The fortran_parser and fortran_lexer files implement respectively the parser and lexer for the language. However, these files are not mandatory. Any kind of parser may be used, as long as it produces the yaCF Intermediate Representation. See the Intermediate Representation section for further information.

Currently, the parsers implemented in yaCF are written following the structure of the pycparser project. If you want to follow this structure, you can use the tool _ast_gen.py in the Frontend directory to create the Python classes for the Intermediate Representation, reading the token list from the _fortran_ast.yaml file.

Details of the language definitions already implemented can be found in the documentation of the C and OpenMP modules.

Frontend languages

The C and Omp modules implement the parsing of these languages.

The C parser has been inherited from the pycparser project. Some modifications have been made in order to adapt it to the purpose of the yaCF project.

New languages will be added as modules inside the Frontend module.

Parsing a file

The file Parse from the Frontend module contains the functions required to parse a file, returning the Intermediate Representation.

The main method is the parse_source function:

Passing a source to this function will produce an AST, composed by Frontend.IRNode.IRNode. .. (XXX IRNode está ahora en Common. Debe ser Frontend.Common.IRNode.IRNode) However, this AST is not the Intermediate Representation. It needs to be converted, using the method transform in the Frontend.InternalRepr.AstToIR to get the additional information needed in the compiler. See the Intermediate Representation section for detailed information.

Intermediate Representation

Note

The correct term is not Internal Representation, but Intermediate Representation. Expect a name change of the class in following versions.

The Intermediate Representation (IR) of a compiler is the set of data structures used to represent language specific entities in a machine-readable format. As the compiler analyses the code, this IR is modified, and additional ones might be created, while the compiler increases its knowledge of the original source, or modifies the program to generate the destination code.

Currently, yaCF is intented to be a tool to construct High-Level source to source code transformations, thus, it does not have Low-Level capabilities inside.

In yaCF, the base structure of the IR is the Abstract Syntax Tree (AST). It is a tree representation of the abstract syntactic structure of source code written in a programming language. Each node of the tree denotes a construct occurring in the source code.

The syntax is abstract in the sense that it does not represent every detail that appears in the real syntax. For instance, grouping parentheses are implicit in the tree structure, and a syntactic construct such as an if-condition-then expression may be denoted by a single node with two branches (one for the condition and another for the expression).

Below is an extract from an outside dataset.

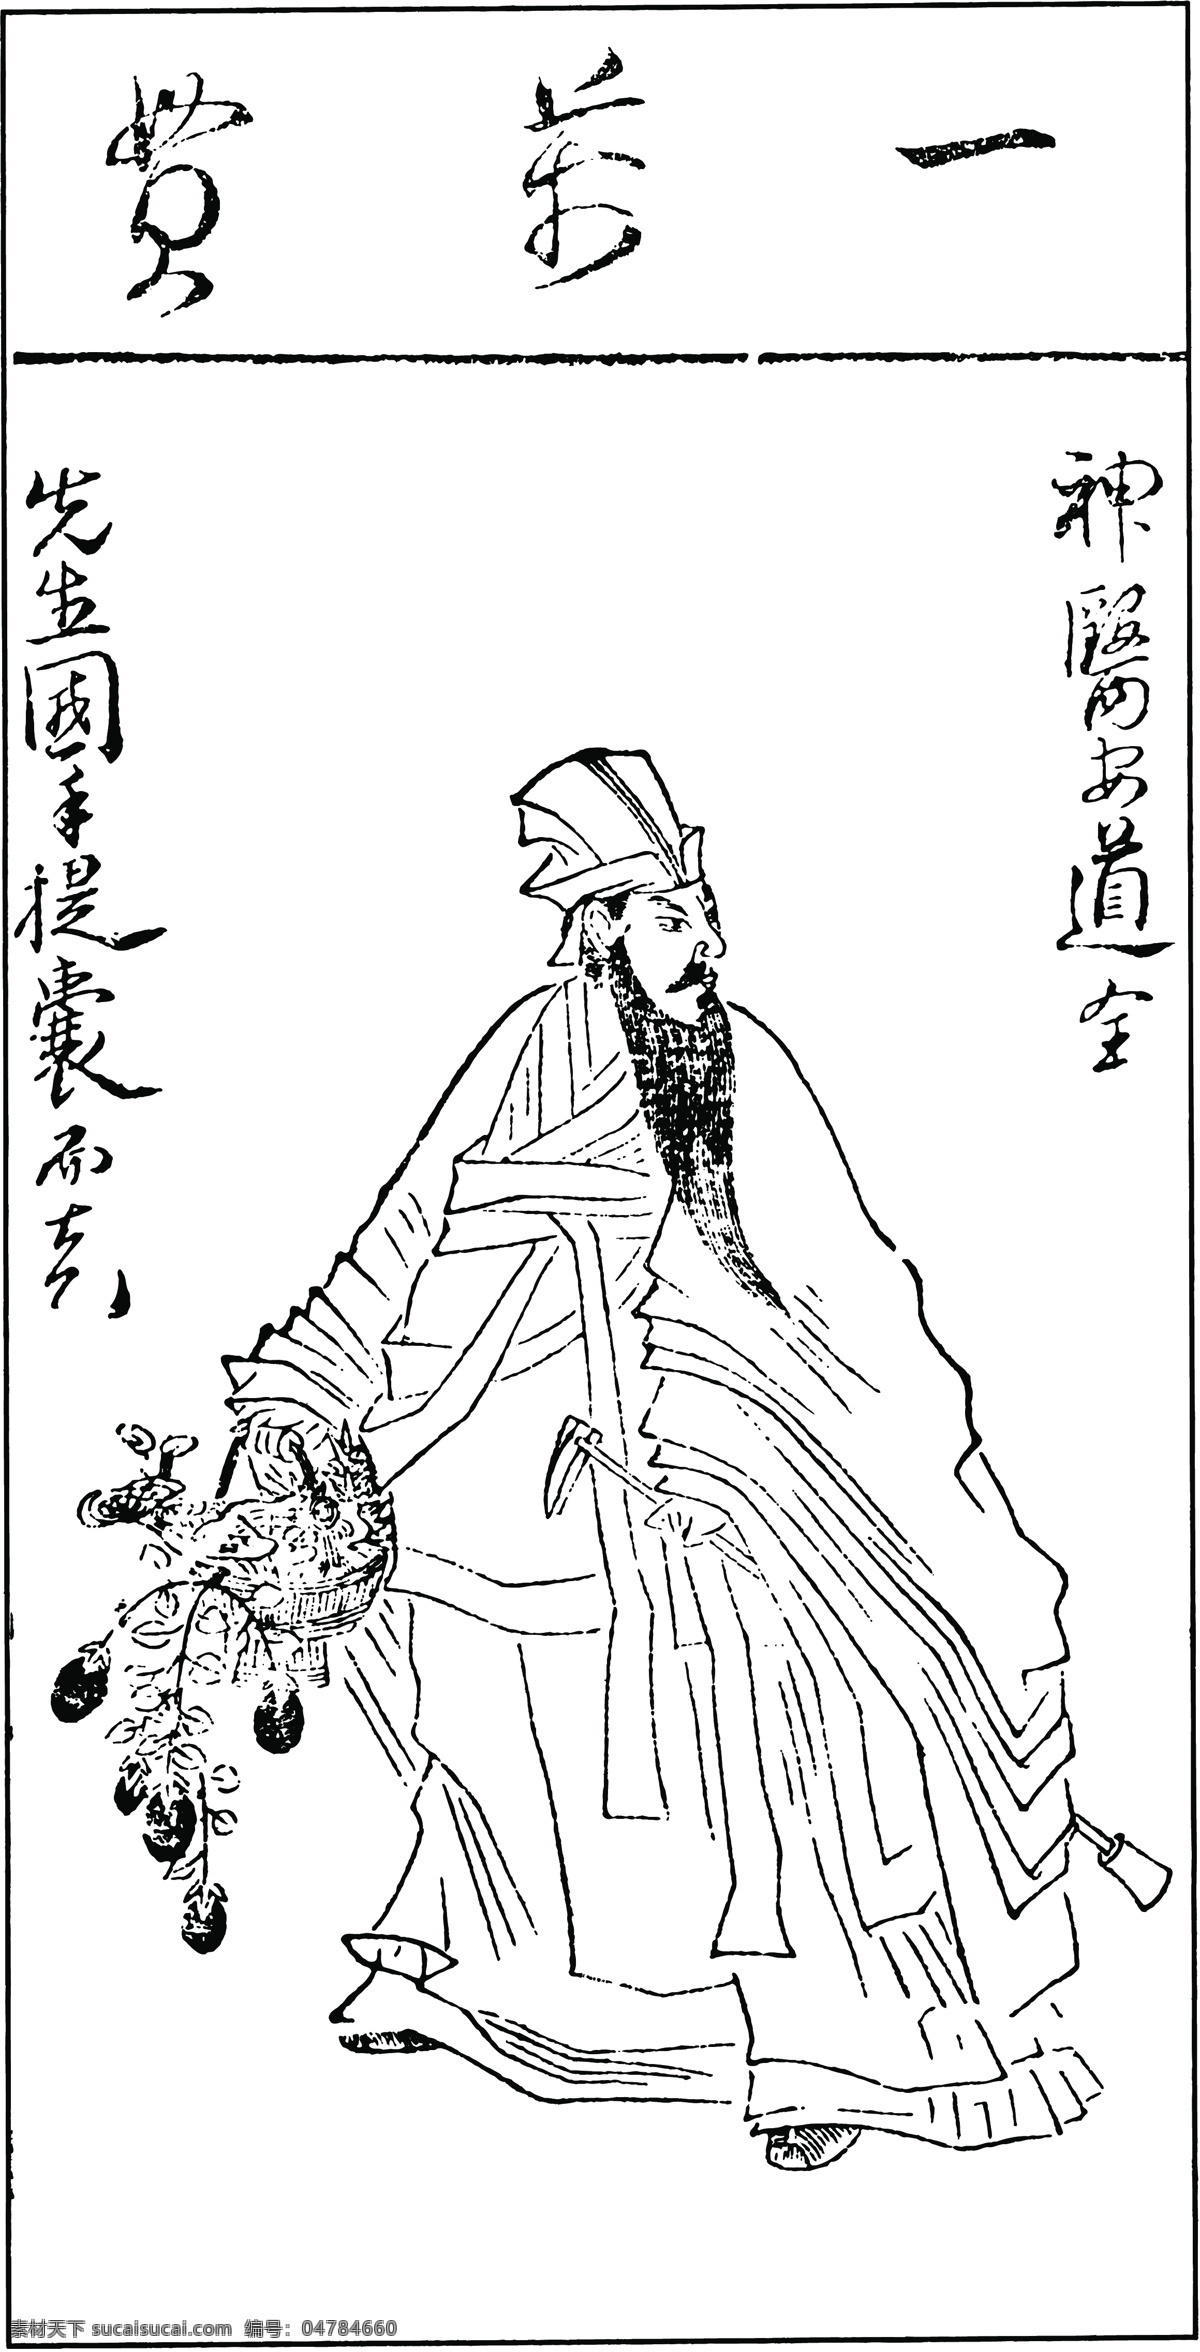 中国 古典文学 插图 木刻版画 传统文化 中国传统文化 设计素材 版画世界 书画美术 白色
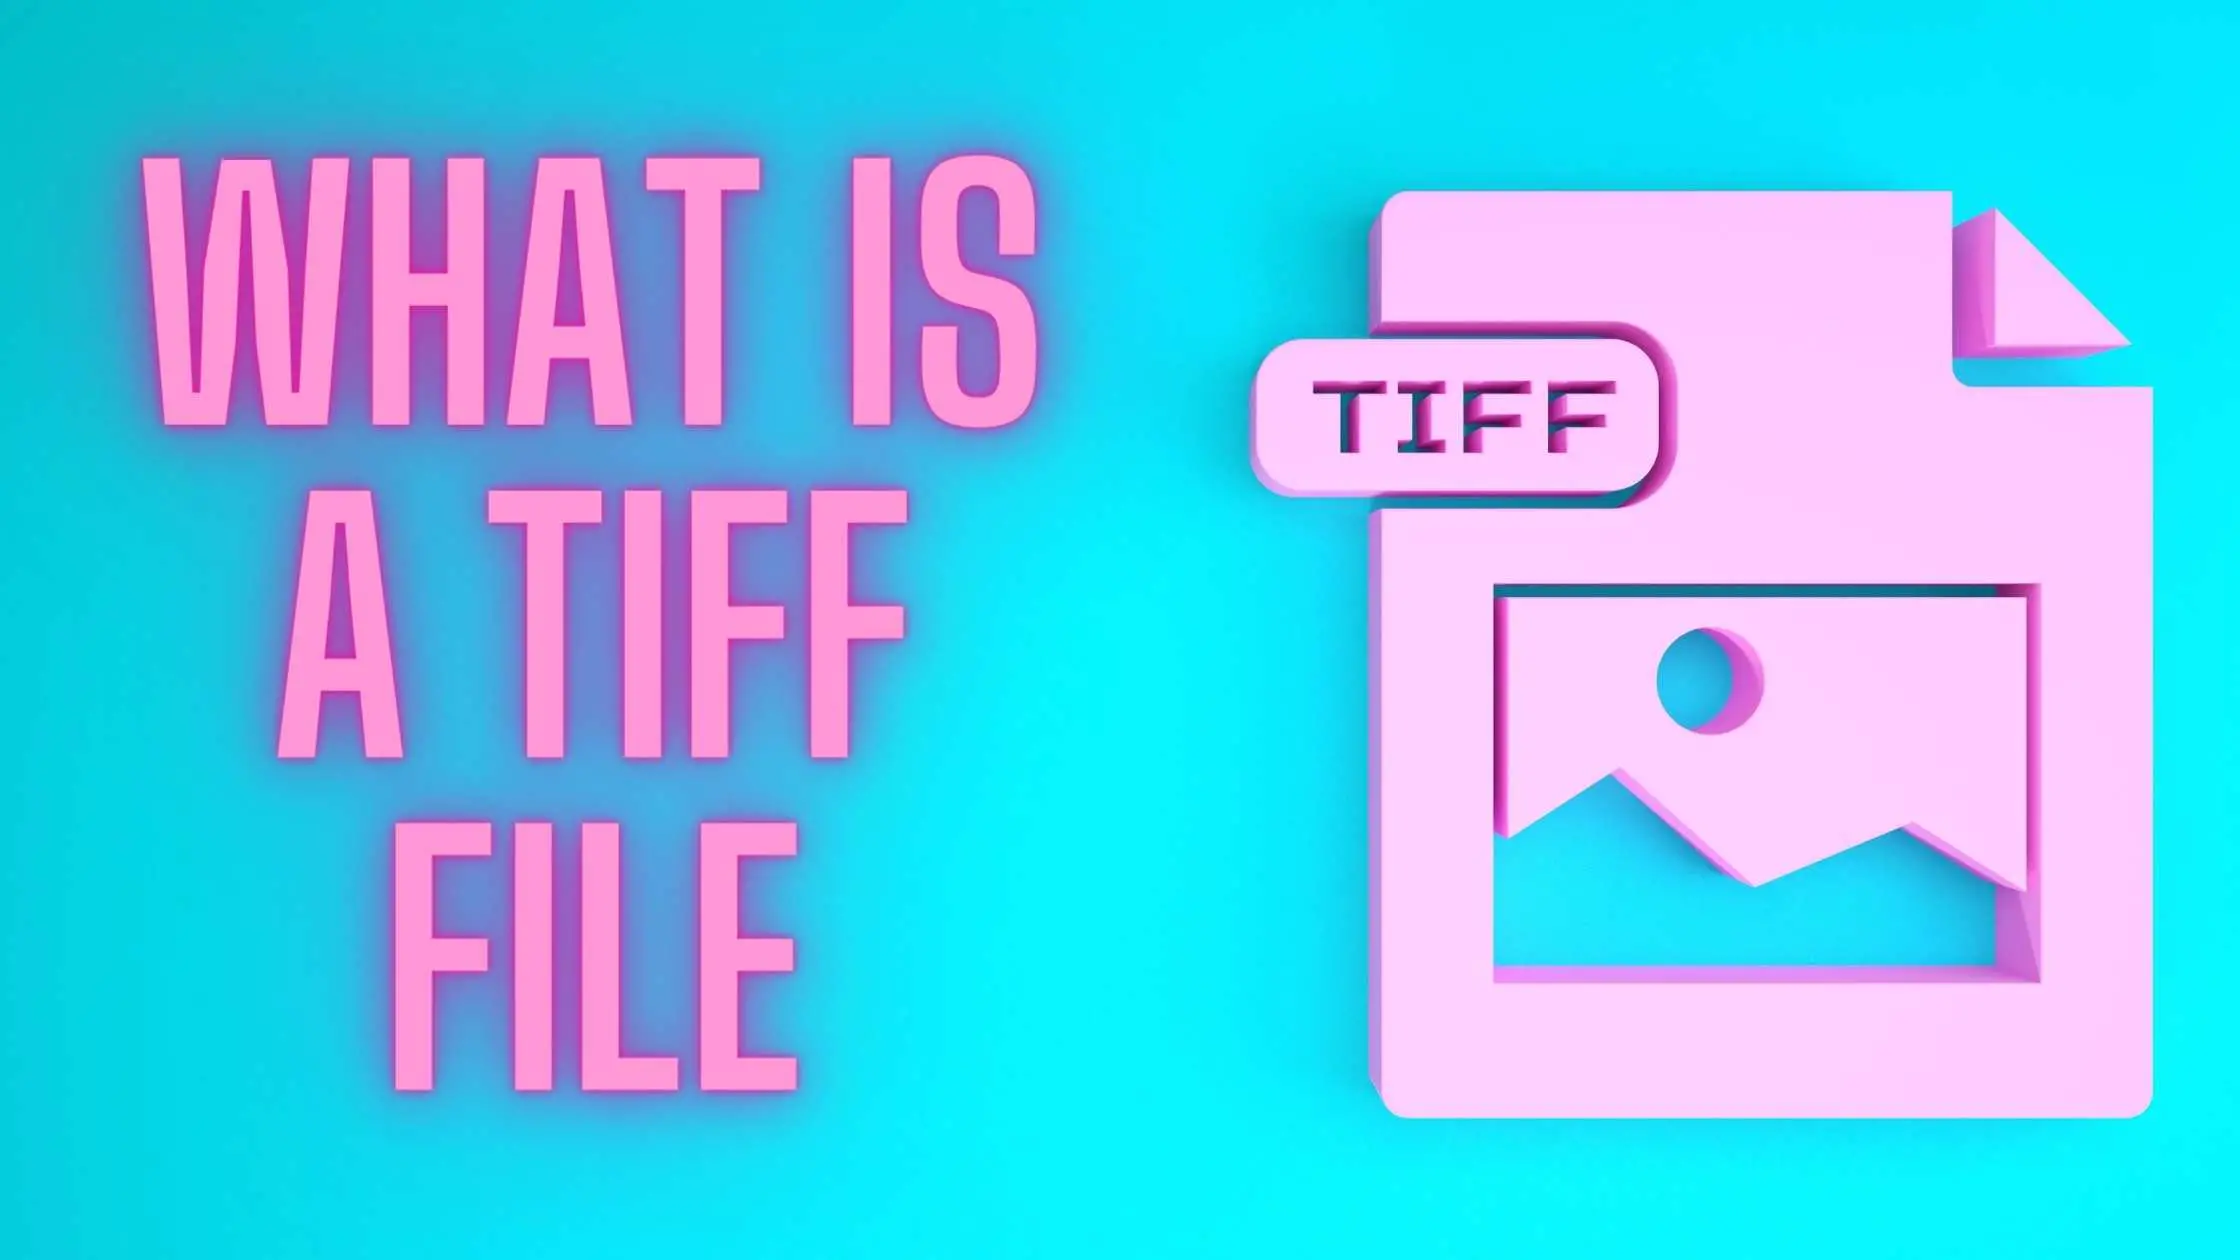 TIFF картинки. Фотографии TIFF. Сжать файл TIFF. Как снизить вес тифф файла.

This makes abstract syntax trees different from concrete syntax trees, traditionally called parse trees, which are often built by a parser as part of the source code translation and compiling process (despite a perhaps unintuitive naming). Once built, additional information is added to the AST by subsequent processing, e.g., semantic analysis.

yaCF uses multilevel ASTs as IR. This means that during some translation operations, the AST is annotated with additional information. This annotation is represented in the structure with additional attributes to the node object. This is possible under Python by ussing the setattr() function.

[IR-0] Base AST

The base structure of the yaCF IR is an abstract node, defined at the class Frontend.IRNode.IRNode. A node represents some construction of the code, e.g, there is a For node in the C parser, representing the For statement of the C language.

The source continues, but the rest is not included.